> _What is needed_
Copy the listing exactly; drop the pictures.

> _Collected data_
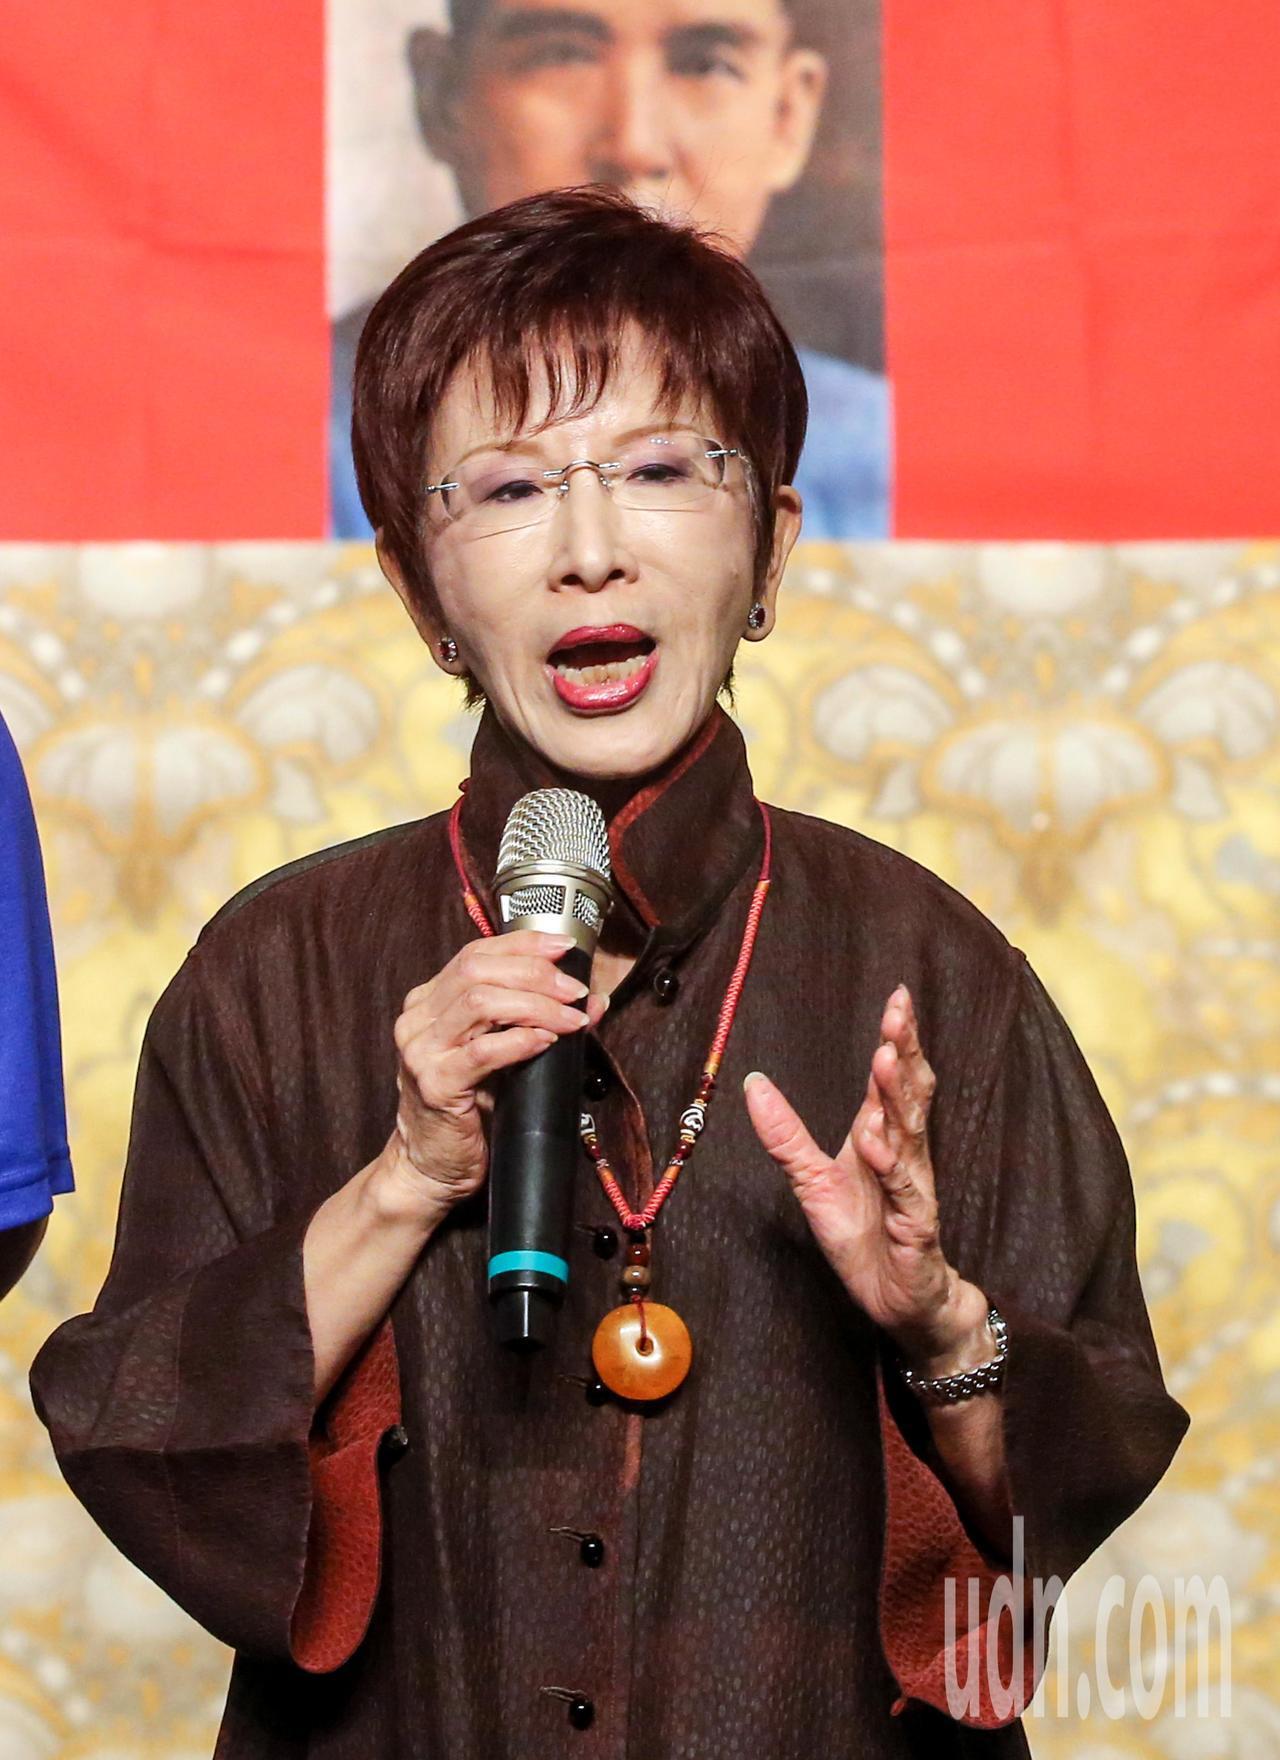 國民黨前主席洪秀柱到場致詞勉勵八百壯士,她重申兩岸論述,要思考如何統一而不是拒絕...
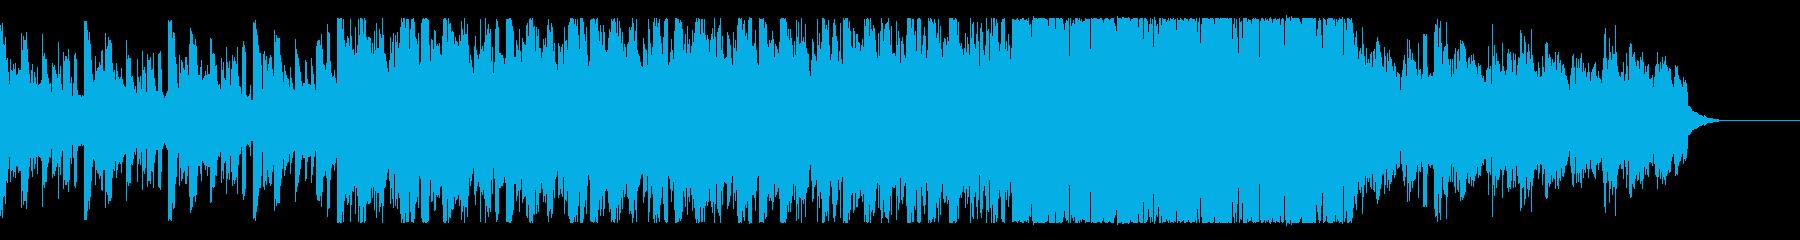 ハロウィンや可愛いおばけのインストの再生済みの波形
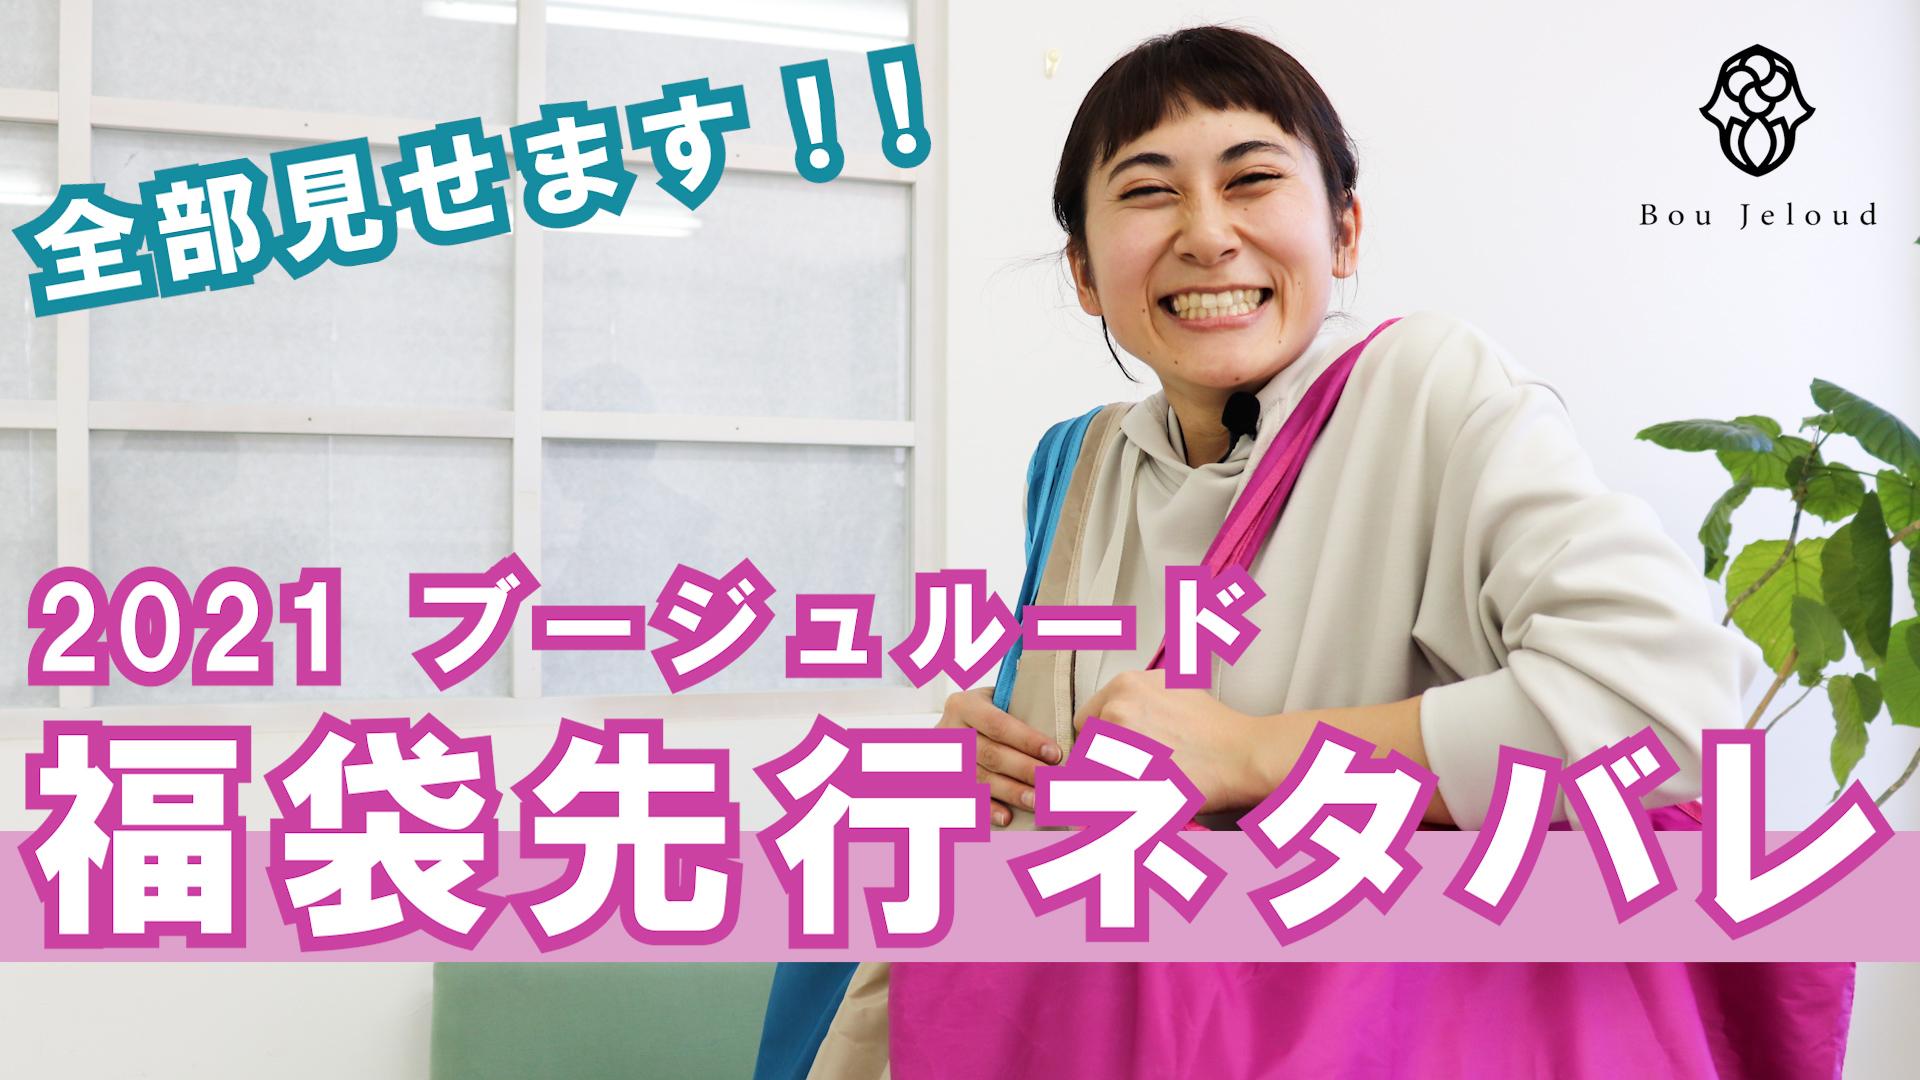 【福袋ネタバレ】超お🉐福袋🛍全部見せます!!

> _Answer section_
 國民黨前主席洪秀柱到場致詞勉勵八百壯士,她重申兩岸論述,要思考如何統一而不是拒絕...
 ハロウィンや可愛いおばけのインストの再生済みの波形
 【福袋ネタバレ】超お🉐福袋🛍全部見せます!!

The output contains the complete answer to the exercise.